The report FIMU-RS-2011-02
Two Views on Multiple Mean-Payoff Objectives in Markov Decision Processes
A full version of the paper presented at conference LICS 2011. April 2011, 32 pages.
Available as Postscript,
We study Markov decision processes (MDPs) with multiple
limit-average (or mean-payoff) functions. We consider two different
objectives, namely, expectation and satisfaction objectives. Given
an MDP with k reward functions, in the expectation objective the
goal is to maximize the expected limit-average value, and in the satisfaction
objective the goal is to maximize the probability of runs such that
the limit-average value stays above a given vector.
We show that
under the expectation objective, in contrast to the single-objective
case, both randomization and memory are necessary for strategies,
and that finite-memory randomized strategies are sufficient.
Under the satisfaction objective, in contrast to the
single-objective case, infinite memory is necessary
for strategies, and that randomized memoryless strategies
are sufficient for epsilon-approximation, for all
epsilon.
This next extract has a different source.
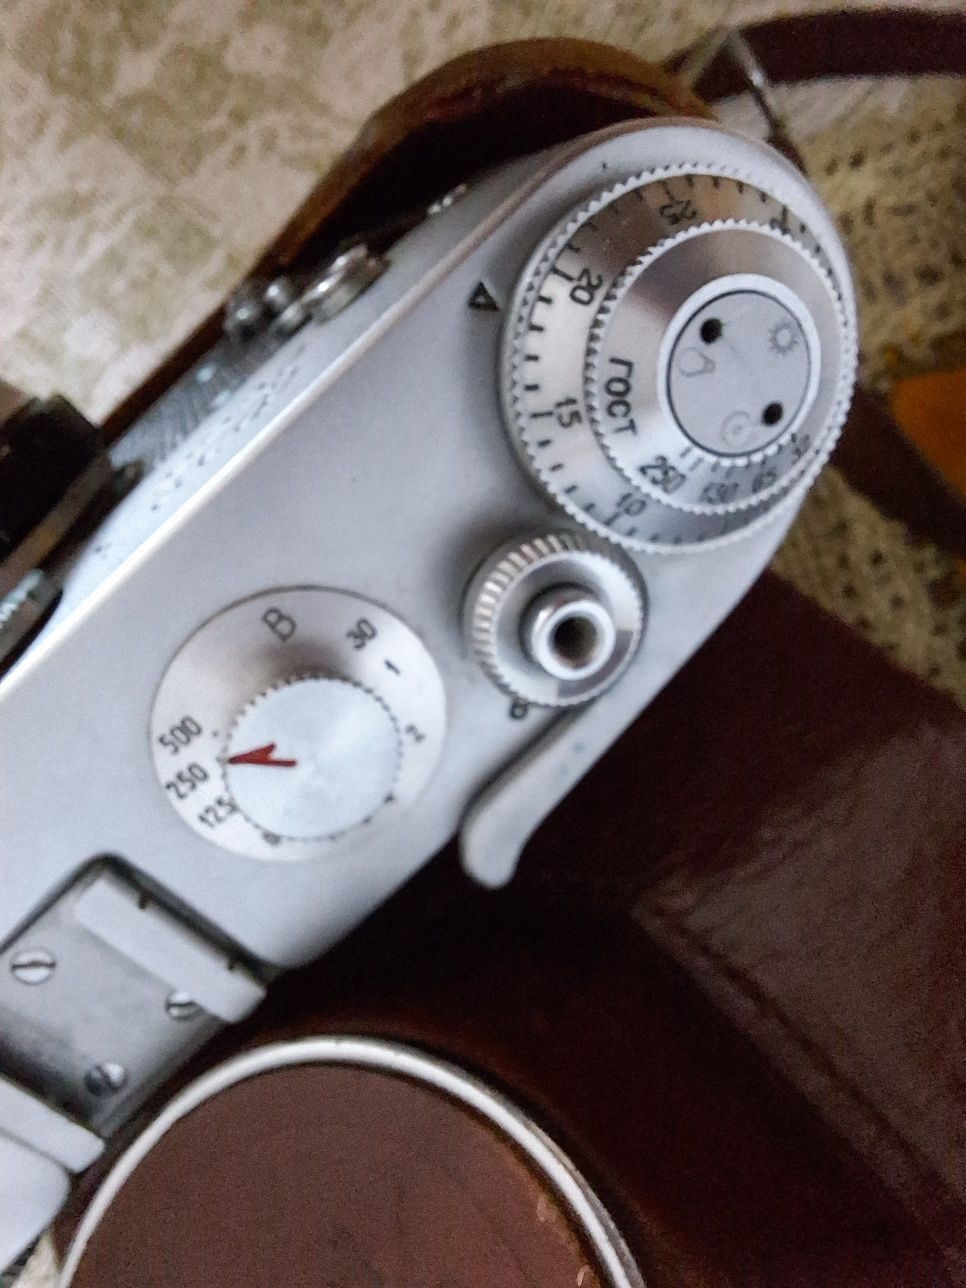 Radziecki aparat analogowy FED 3 ze skórzanym pokrowcem, stan bdb
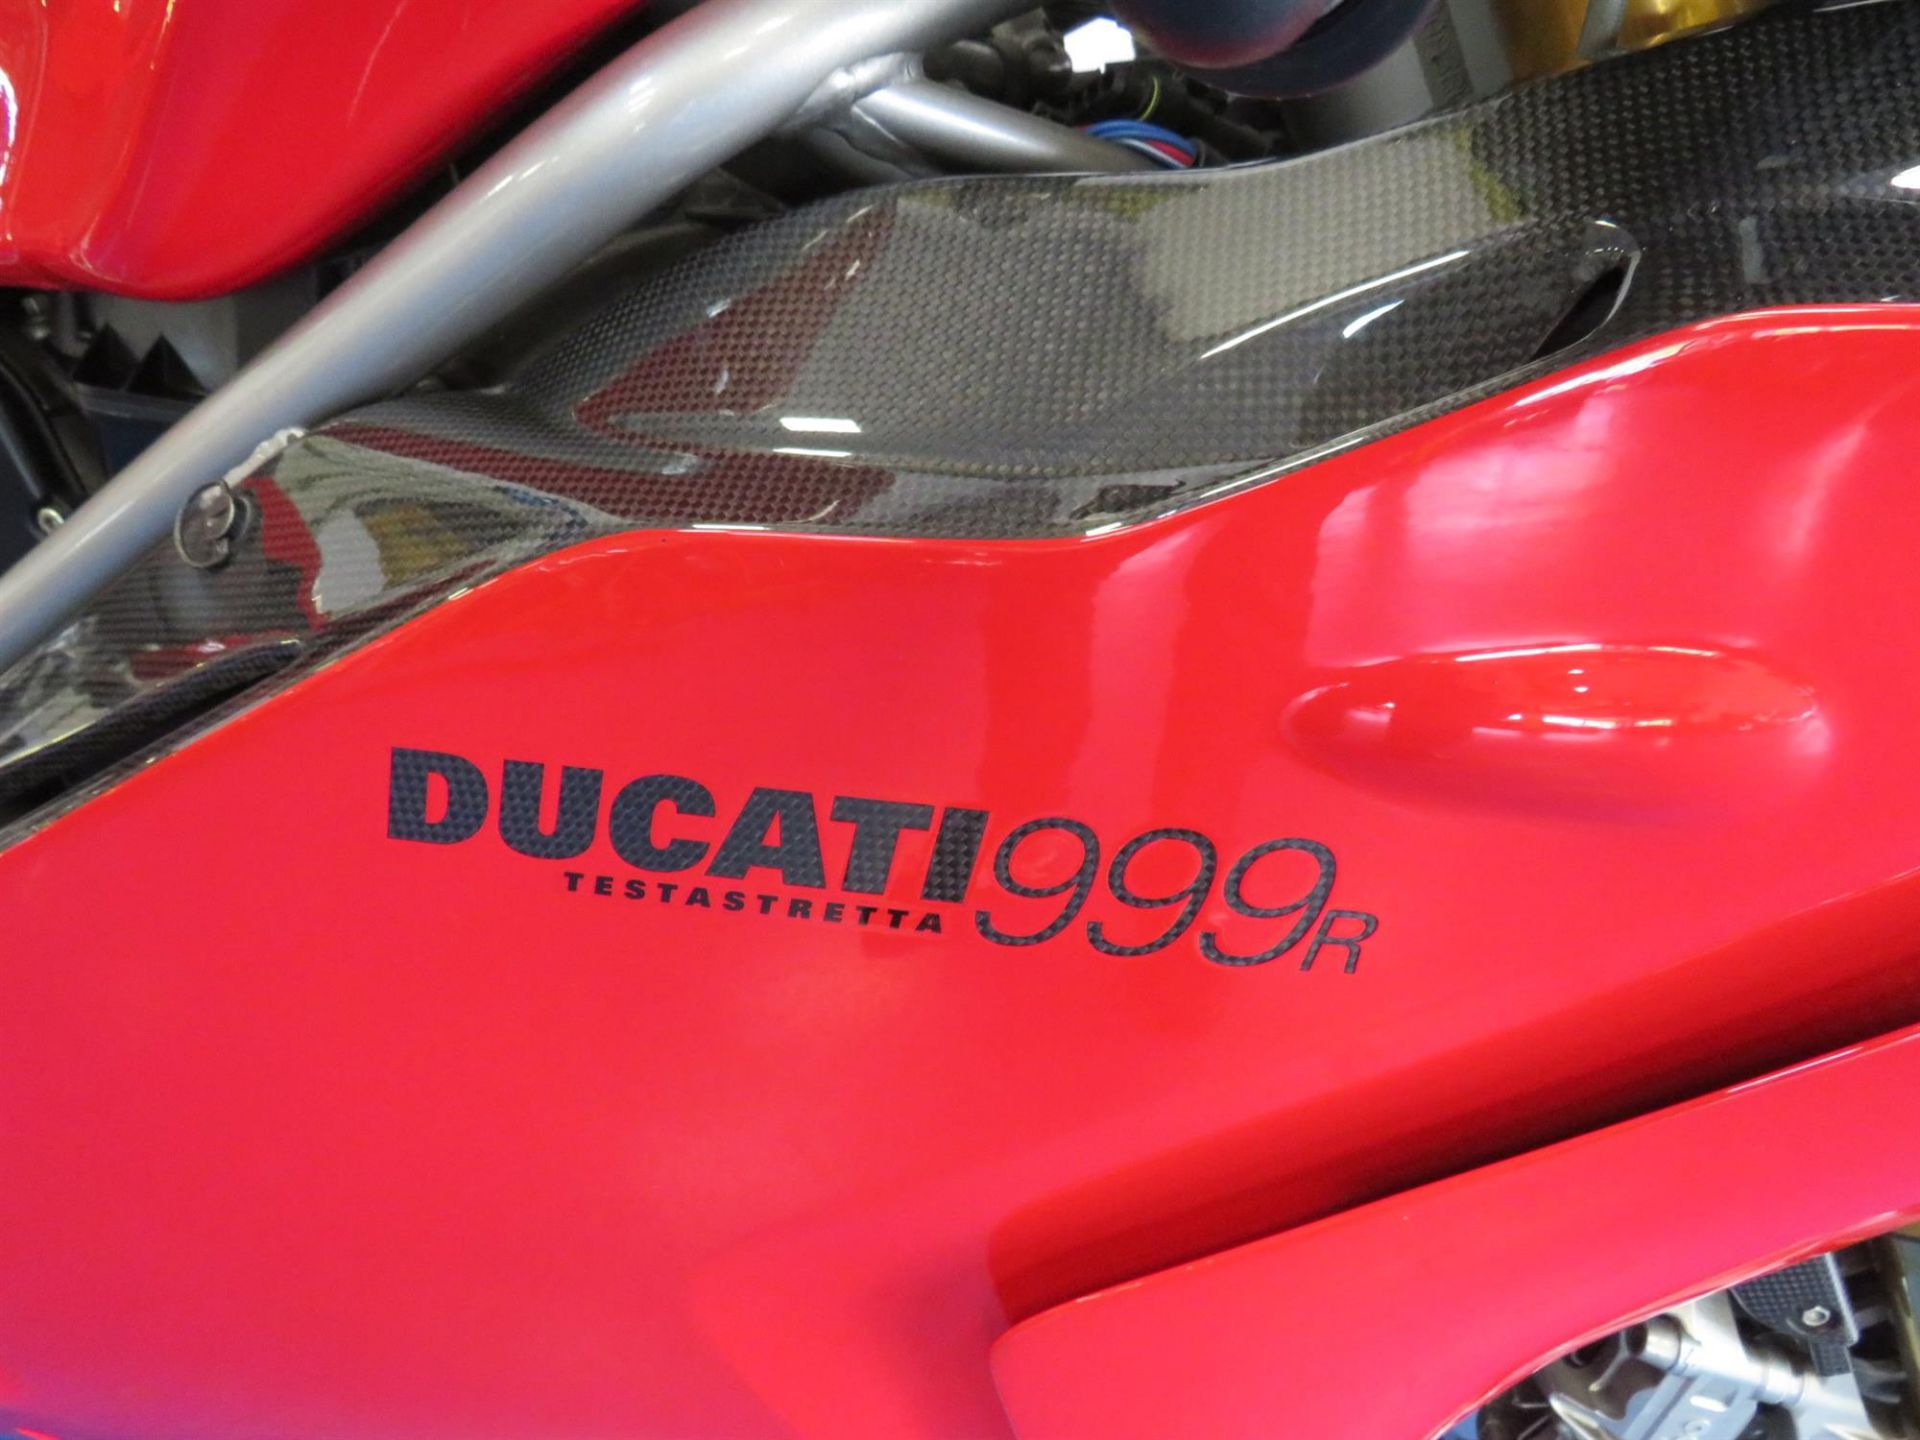 2003 Ducati 999R 999cc - Image 6 of 10

We further prove that
the decision problems for both expectation and satisfaction
objectives can be solved in polynomial time and the trade-off curve
(Pareto curve) can be epsilon-approximated in time polynomial
in the size of the MDP and 1/epsilon, and exponential
in the number of reward functions, for all epsilon>0. Our
results also reveal flaws in
previous work for MDPs with multiple
mean-payoff functions under the expectation objective, correct the
flaws and obtain improved results.